MATERIAL PROVIDED START

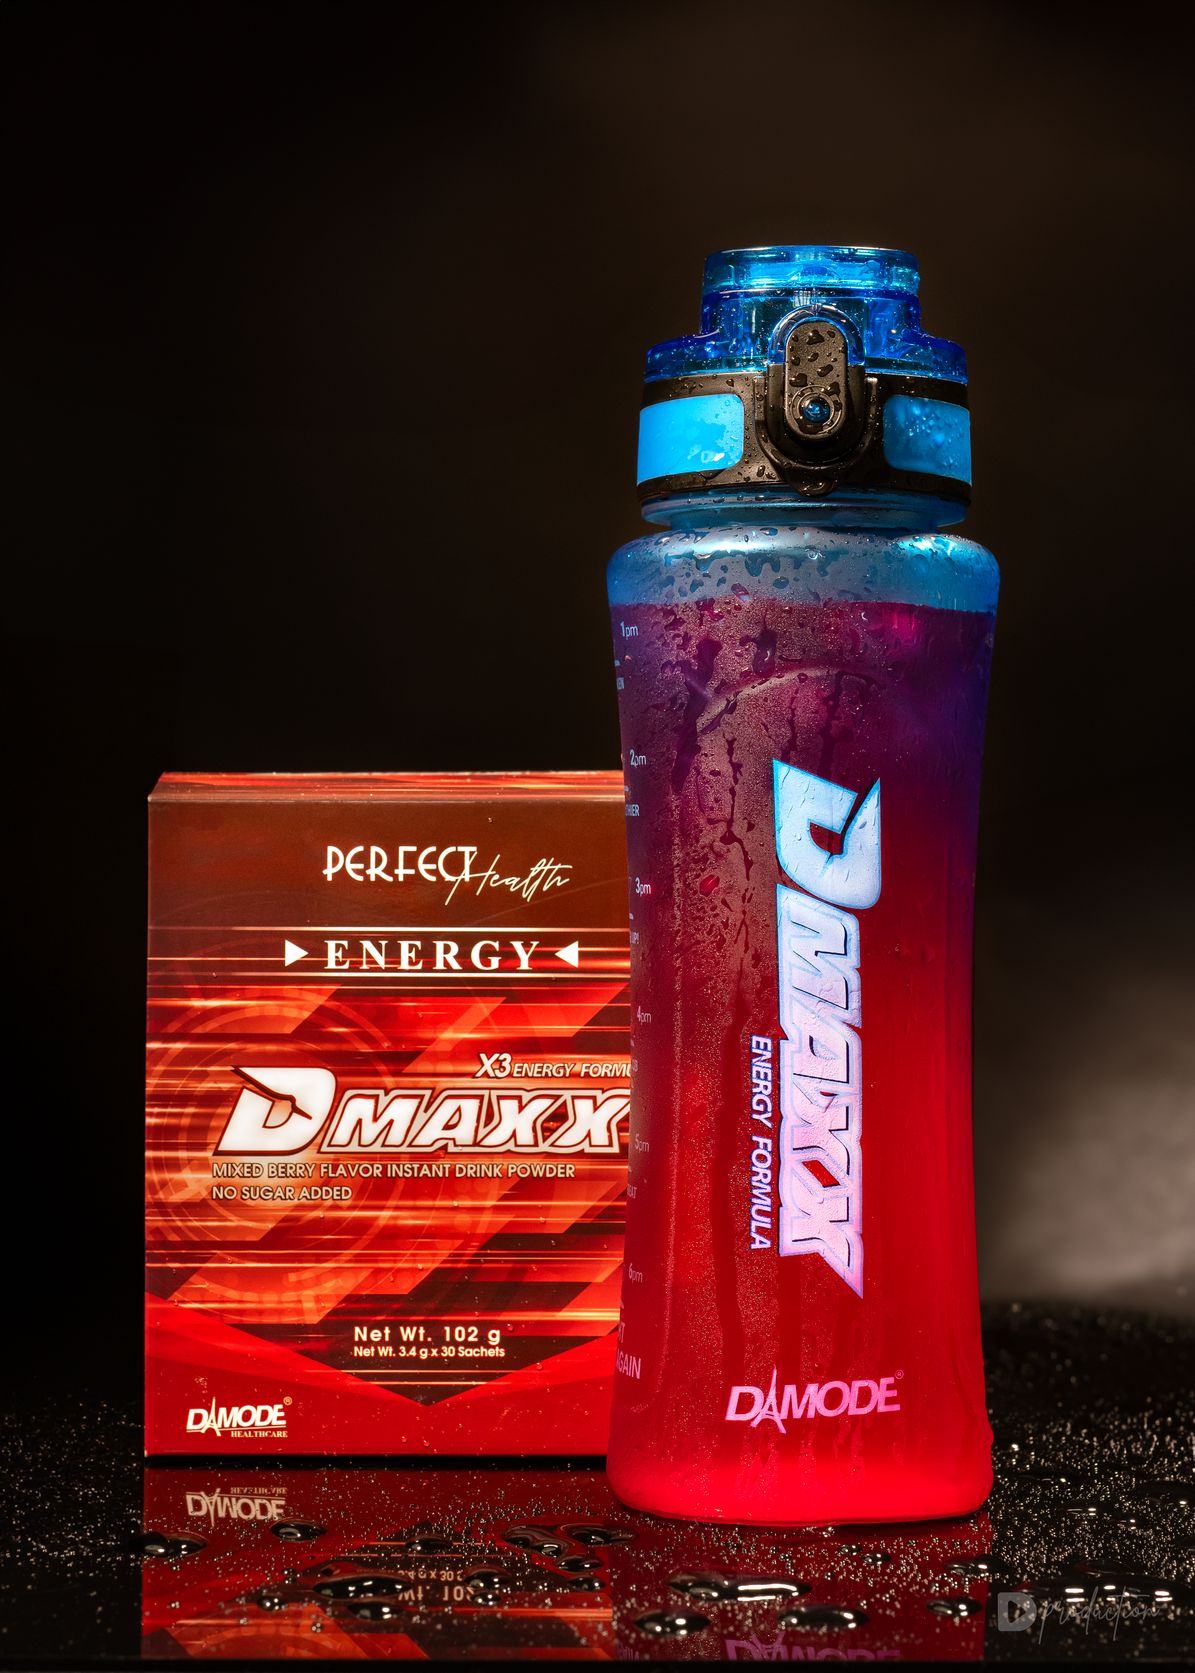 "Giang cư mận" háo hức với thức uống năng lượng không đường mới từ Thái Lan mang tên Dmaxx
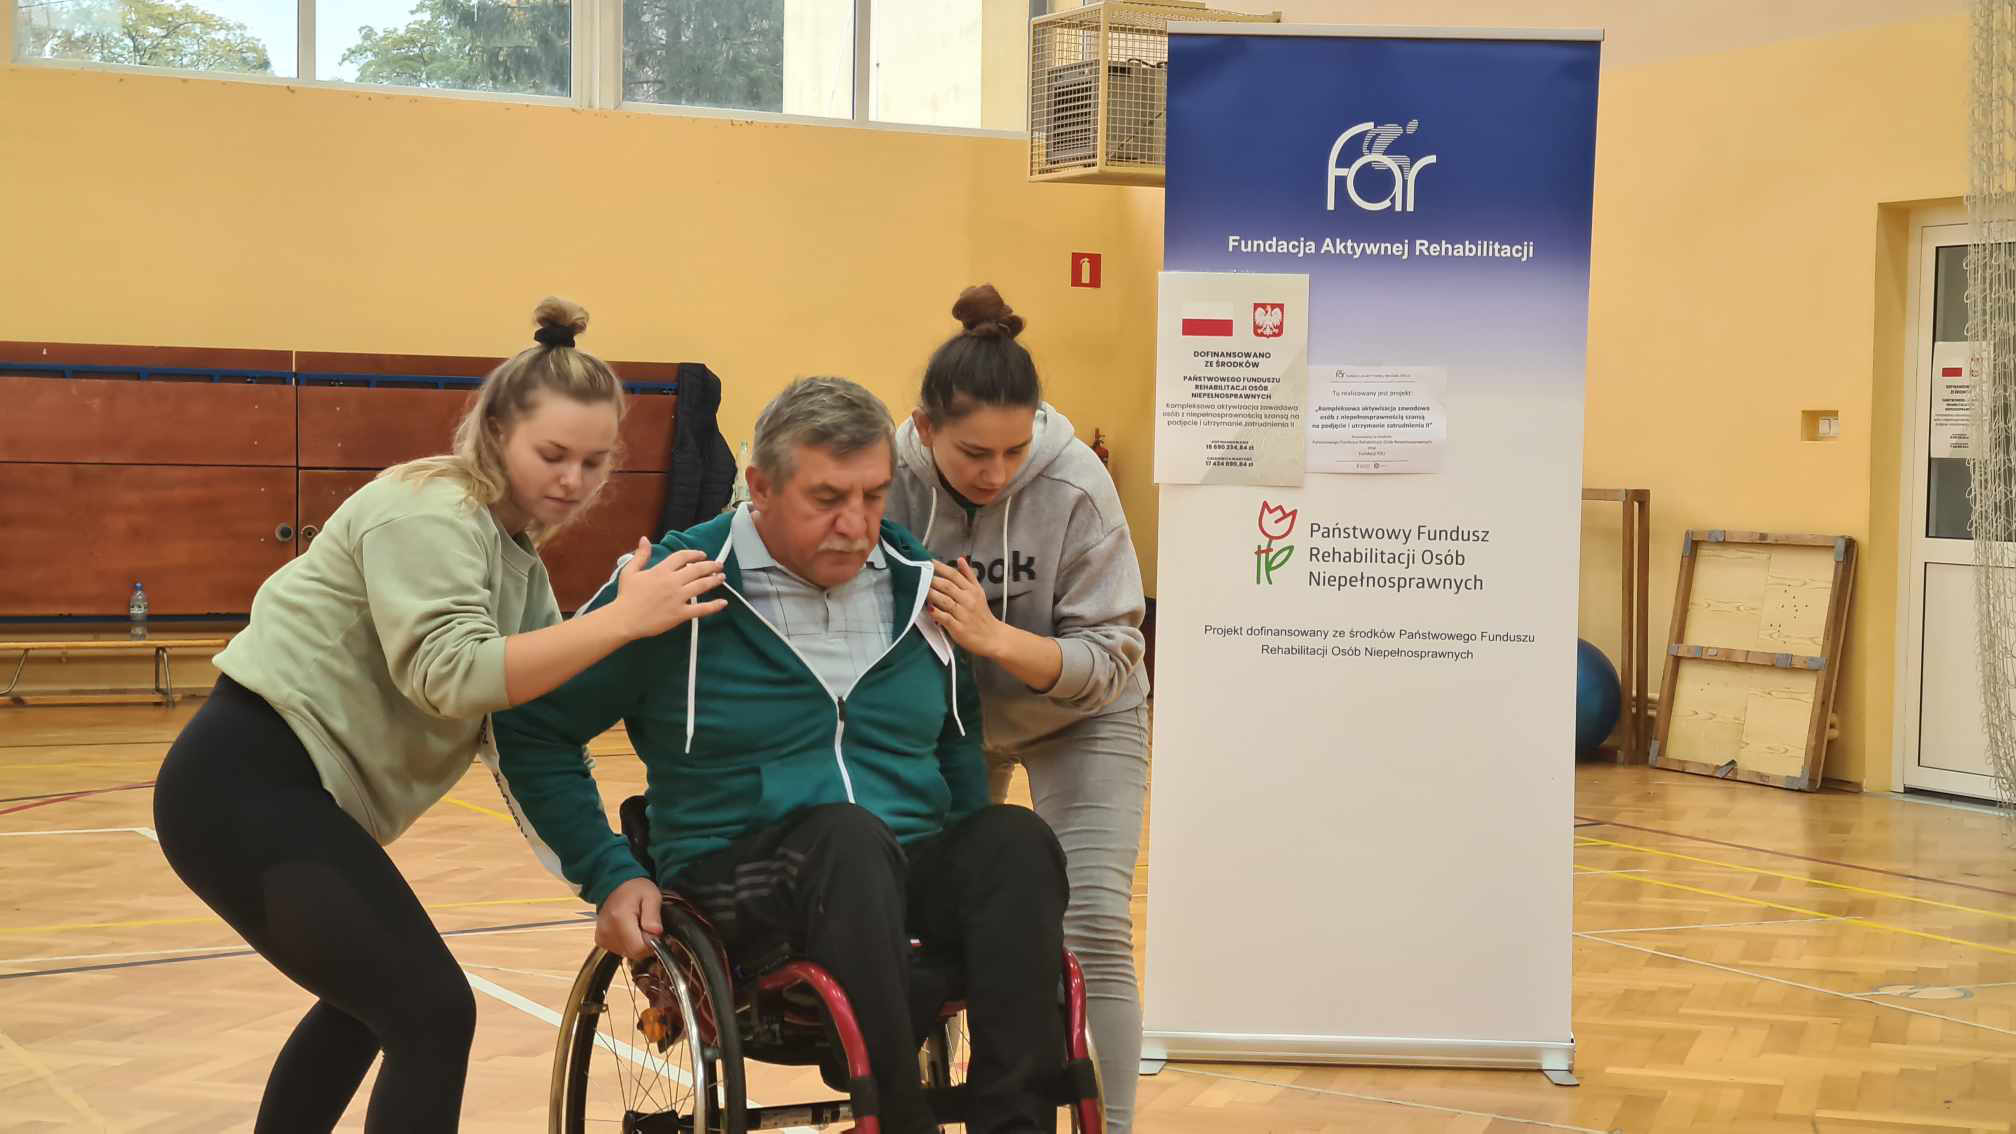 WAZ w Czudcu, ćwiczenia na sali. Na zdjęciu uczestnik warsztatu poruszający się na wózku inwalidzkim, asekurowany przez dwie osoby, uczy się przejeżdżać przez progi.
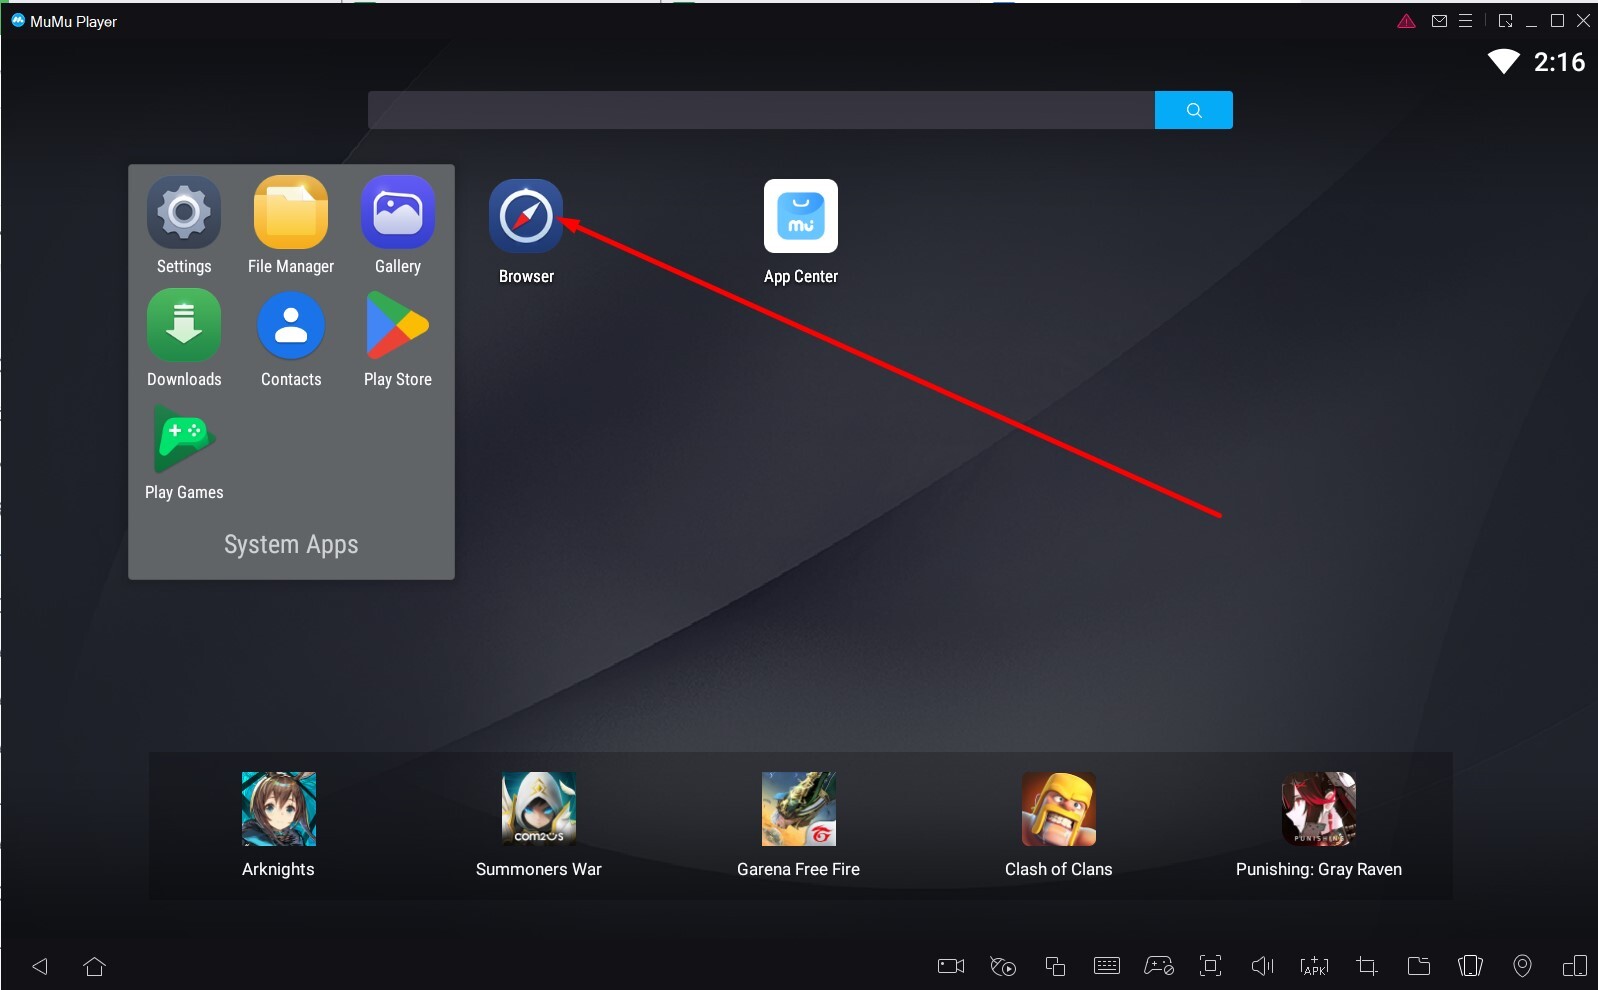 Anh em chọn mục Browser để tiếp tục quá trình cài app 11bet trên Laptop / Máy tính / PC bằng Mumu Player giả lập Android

MATERIAL PROVIDED END

REQUIREMENT => With pictures excluded, output the listing above exactly as it stands.

RESPONSE AREA =>
 "Giang cư mận" háo hức với thức uống năng lượng không đường mới từ Thái Lan mang tên Dmaxx
 WAZ w Czudcu, ćwiczenia na sali. Na zdjęciu uczestnik warsztatu poruszający się na wózku inwalidzkim, asekurowany przez dwie osoby, uczy się przejeżdżać przez progi.
 Anh em chọn mục Browser để tiếp tục quá trình cài app 11bet trên Laptop / Máy tính / PC bằng Mumu Player giả lập Android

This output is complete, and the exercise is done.